Supplied information:
##########
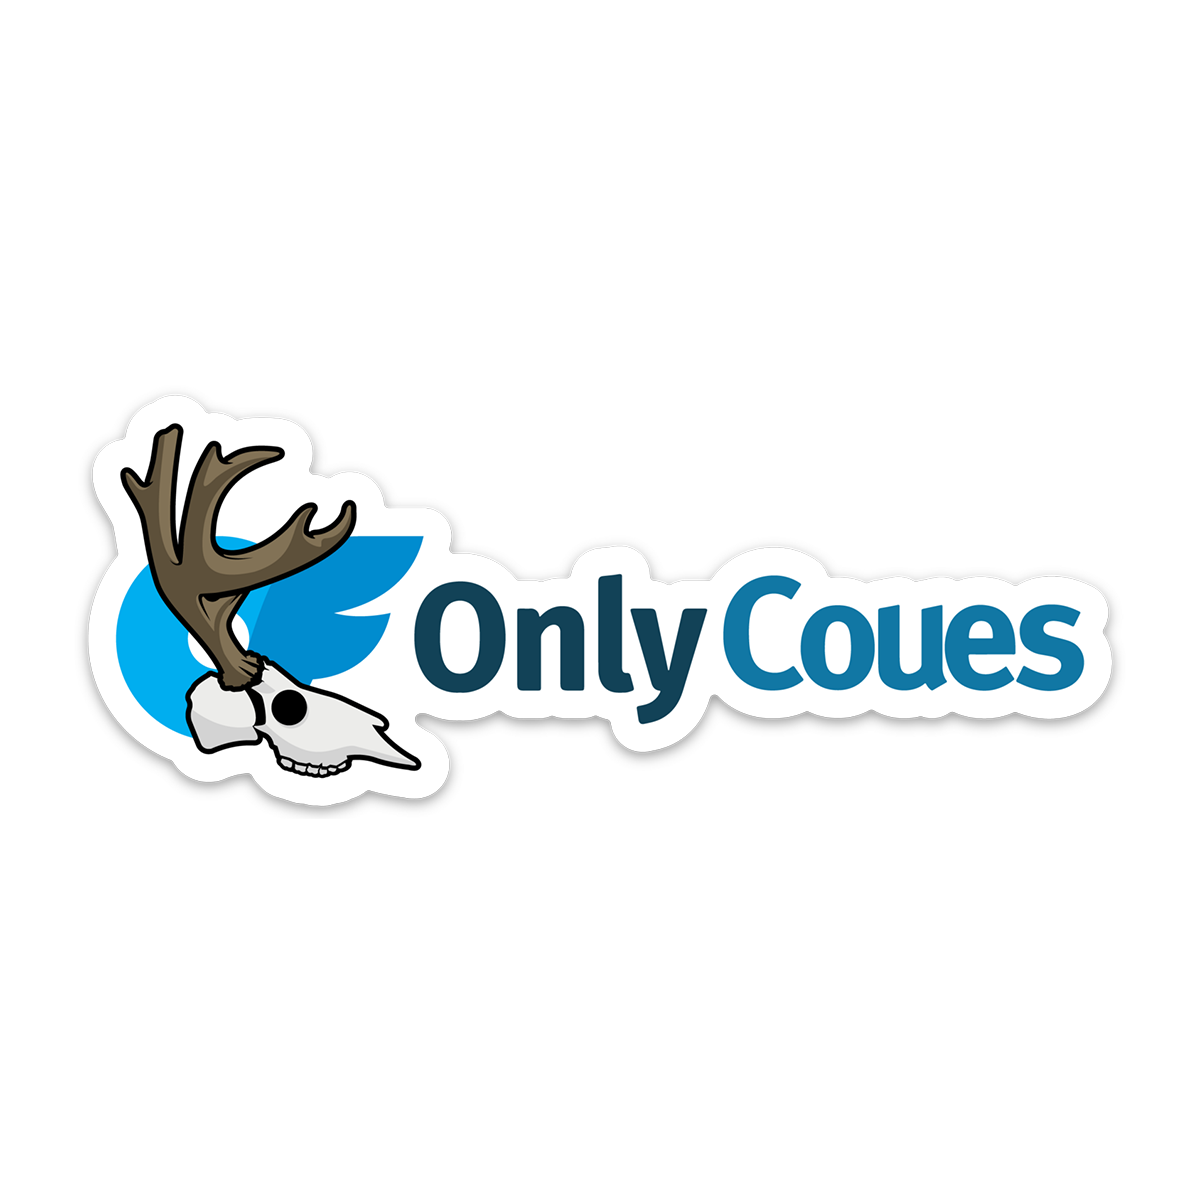 Only Coues Sticker
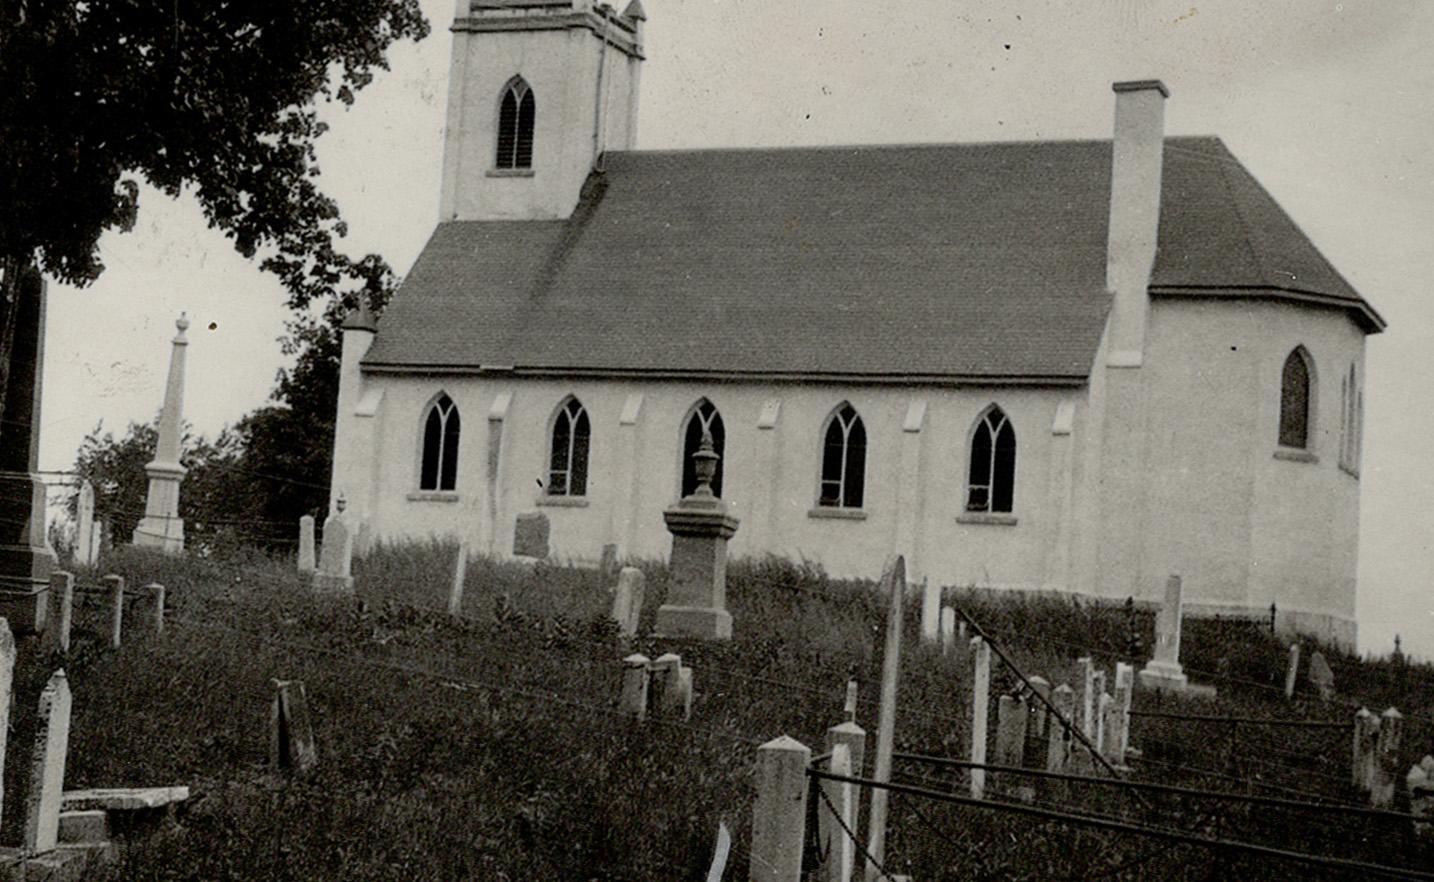 St. Johns Anglican Church at bath which was [Incomplete]
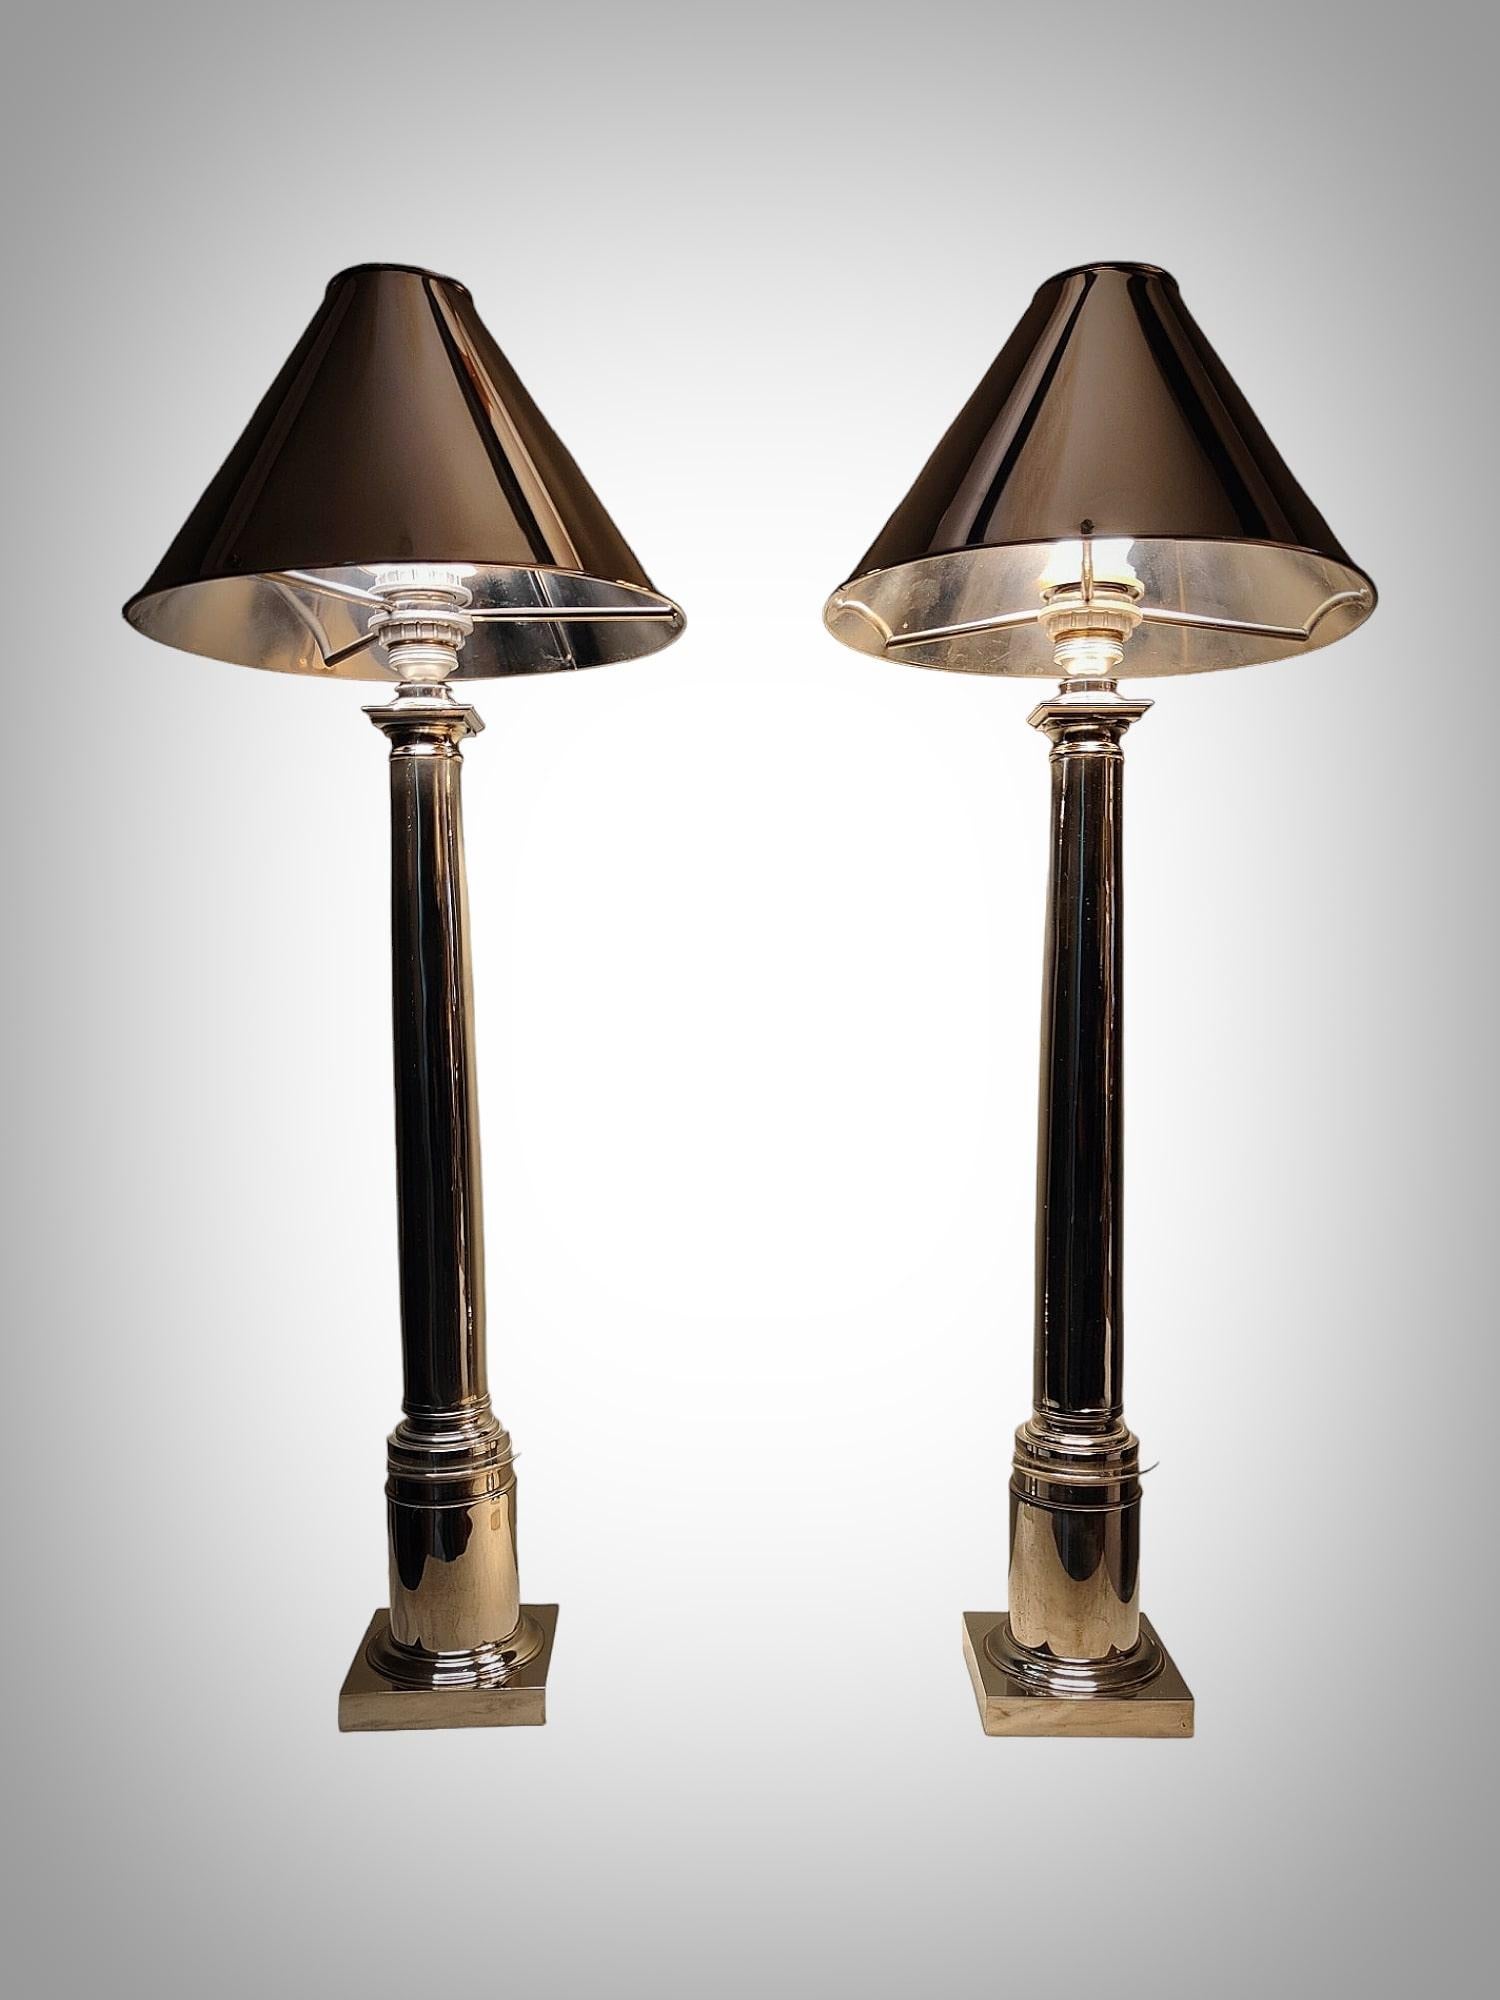 Elegant Architectural Design Bronze Lamps from the 1970s For Sale 1
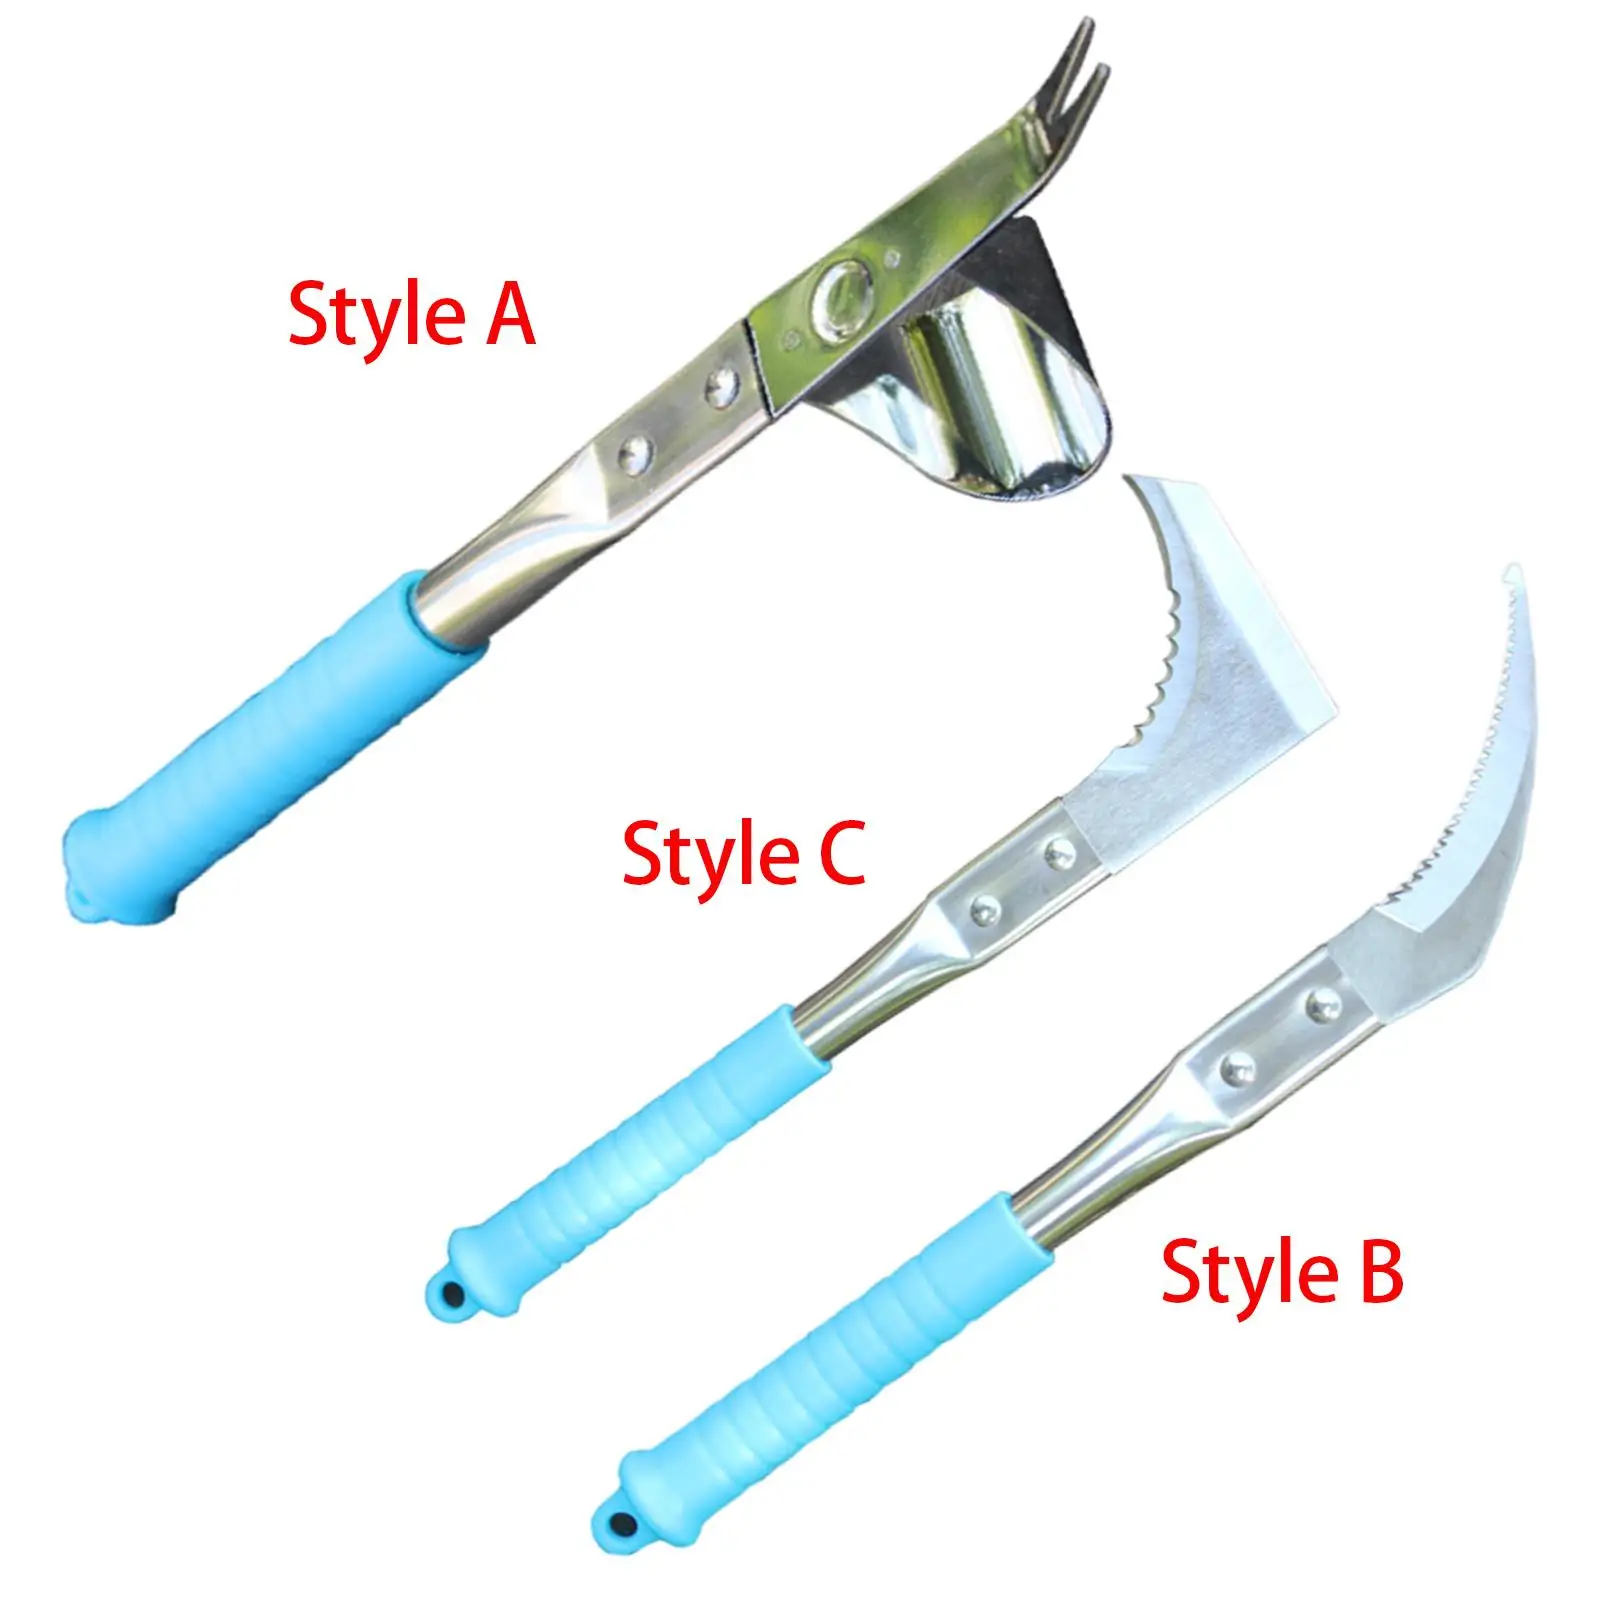 Manual Weeds Puller Stainless Garden Weeding Tool Weeds Removal Tool for Lawn Planter Potted Flower Bed Yard Garden
##########
What to do:
Please restate word for word each line from the one containing "St. Johns Anglican" to the end of the data above, without the pictures.

Task response:
 St. Johns Anglican Church at bath which was [Incomplete]
 Elegant Architectural Design Bronze Lamps from the 1970s For Sale 1
 Manual Weeds Puller Stainless Garden Weeding Tool Weeds Removal Tool for Lawn Planter Potted Flower Bed Yard Garden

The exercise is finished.